U.S. U.K. Conversion chart
  • 300g (11oz) sausage meat
  • Small handful fresh parsley, finely chopped
  • 375g pack ready-rolled shortcrust pastry (in a rectangular sheet)
  • 2tbsp onion marmalade (bought)
  • 1 large egg, lightly beaten
  • Poppy seeds, to sprinkle

Method

  1. Put sausage meat into a large bowl; stir in parsley. Unroll pastry sheet and cut lengthways into four equal strips. Thinly spread 1tbsp of the onion marmalade lengthways down the middle of one of the strips. Repeat with one other strip.
  2. Divide sausage mixture in half. Shape one half into a thin cylinder as long as the pastry strips, then position it on top of one of the marmalade strips. Repeat with remaining sausage mixture.

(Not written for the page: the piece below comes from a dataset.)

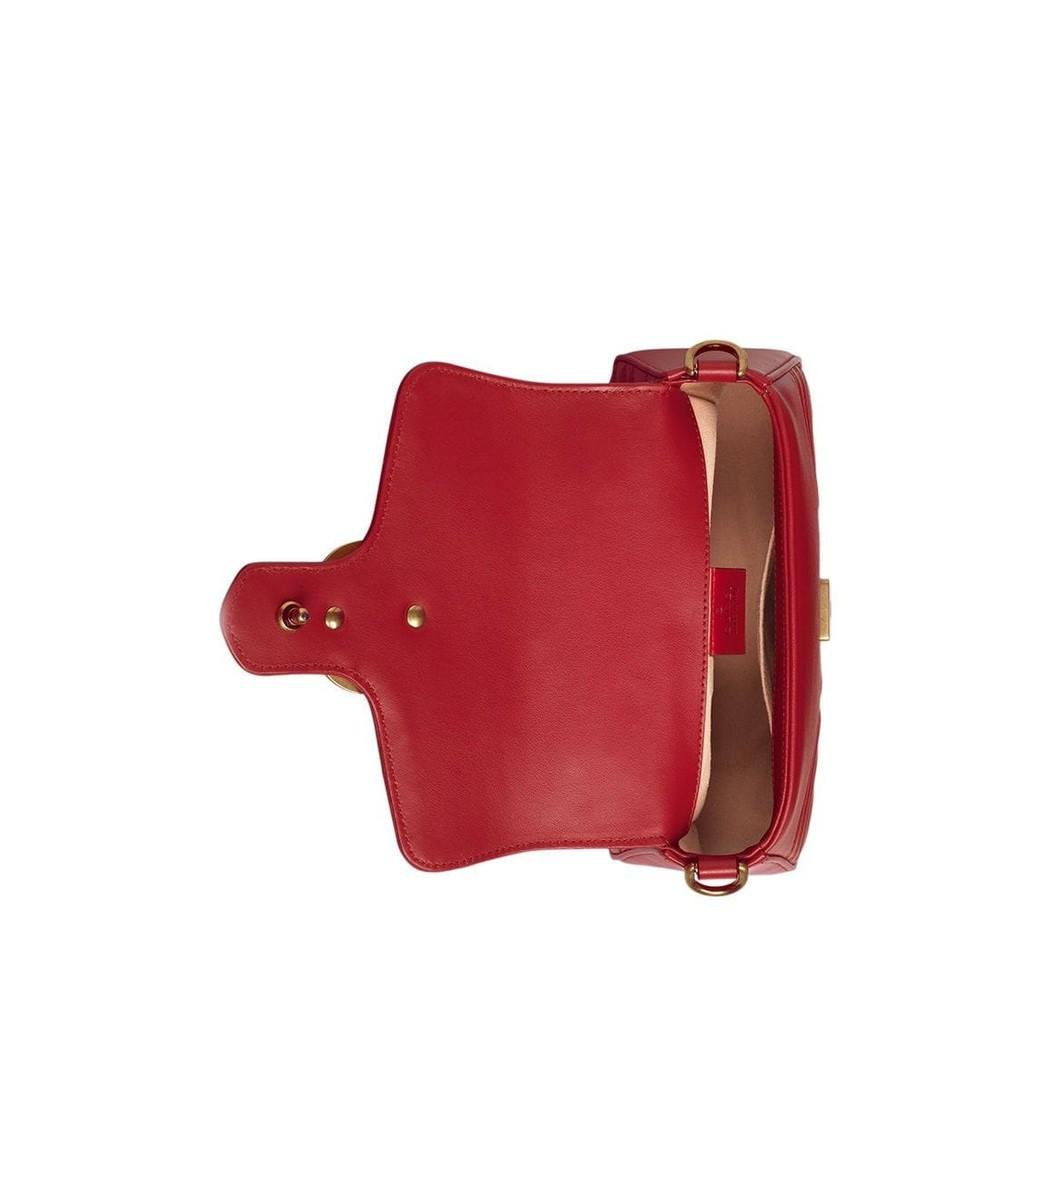 027b474aac47bf Home / Gucci / GG Marmont mini top handle bag. prev
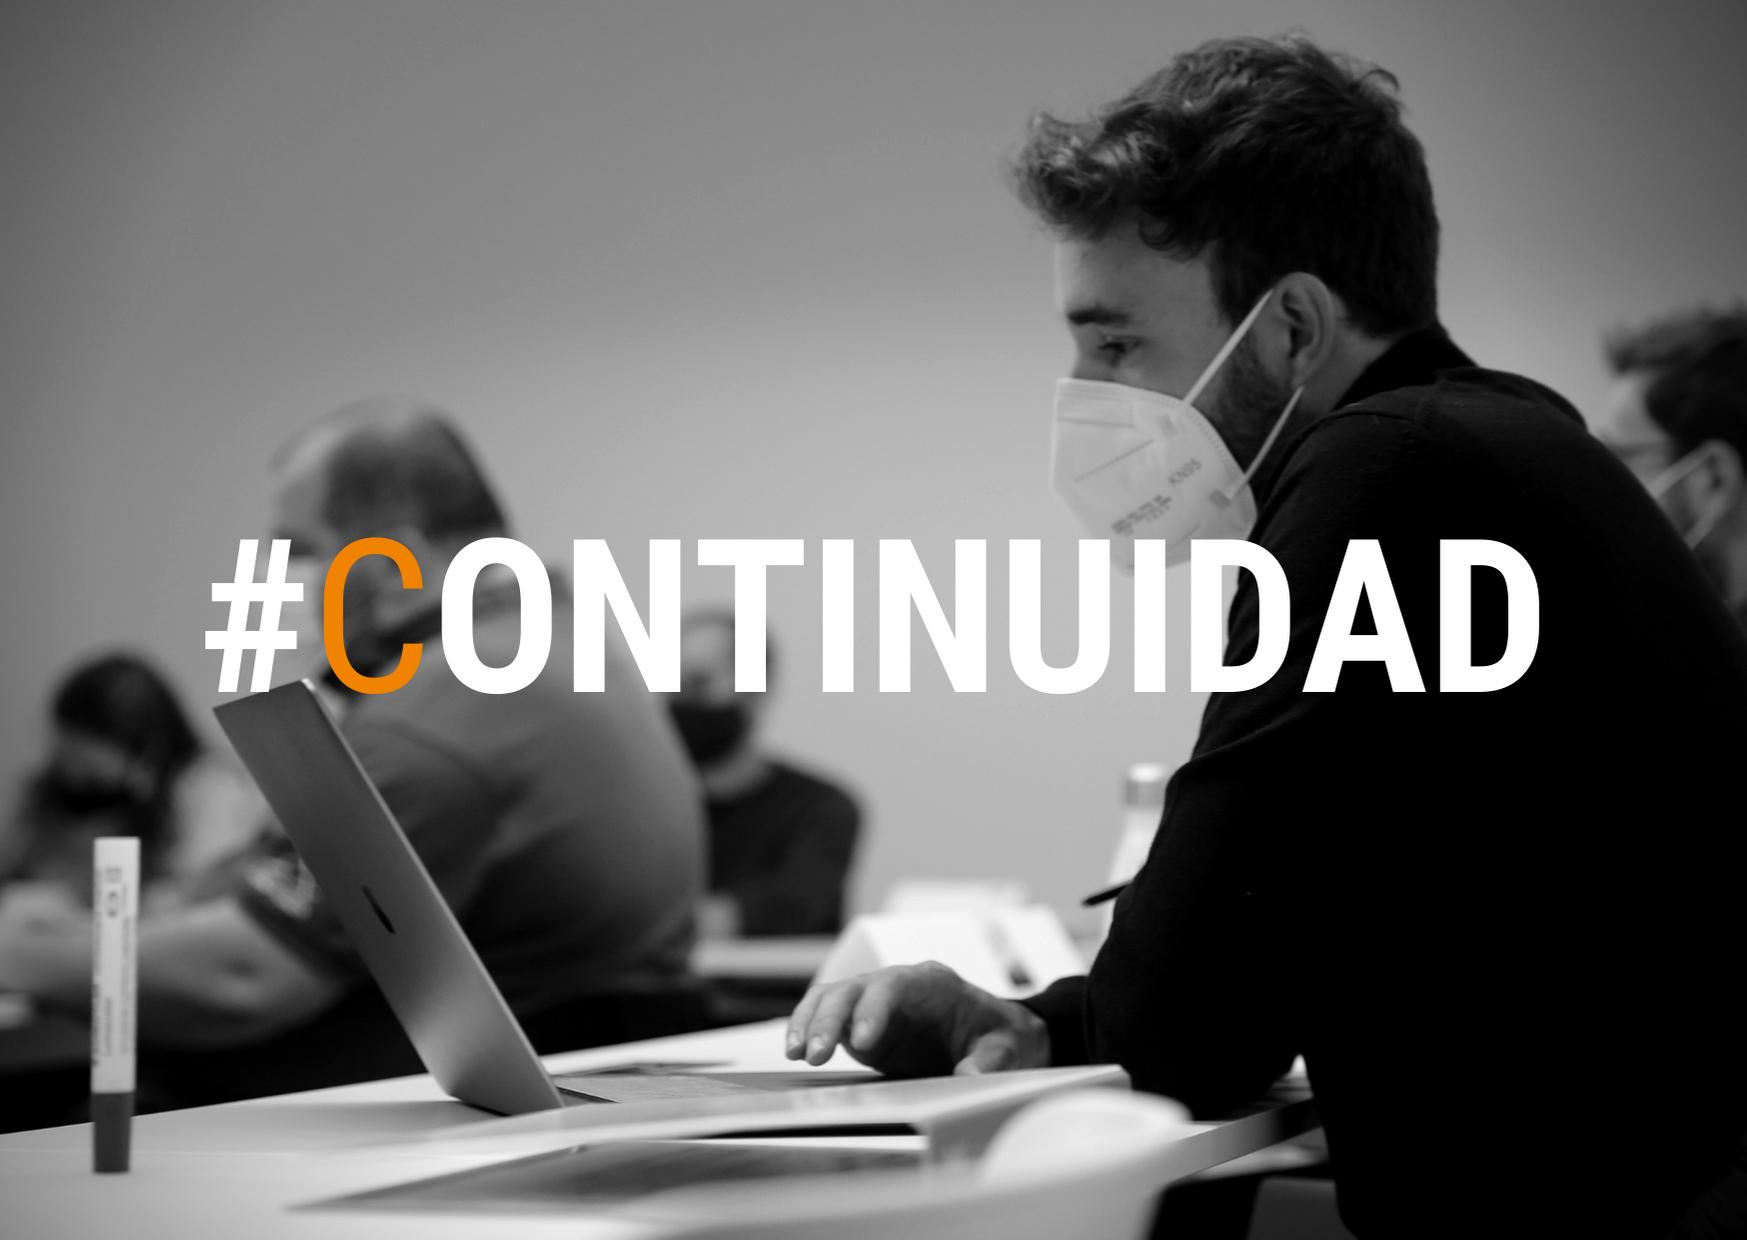 #Continuidad

Brush the visible pastry around the sausage cylinders with beaten egg, then top with remaining pastry strips. Press down on the edges to seal. Transfer to a baking sheet and chill for 30min.
  3. Preheat oven to 200°C (180°C fan) mark 6. Line 2 baking trays with baking parchment. Brush both rolls with egg and sprinkle over some poppy seeds. Cut into 4cm (1½in) pieces and place on trays. Cook for 15min or until golden. Serve warm or at room temperature.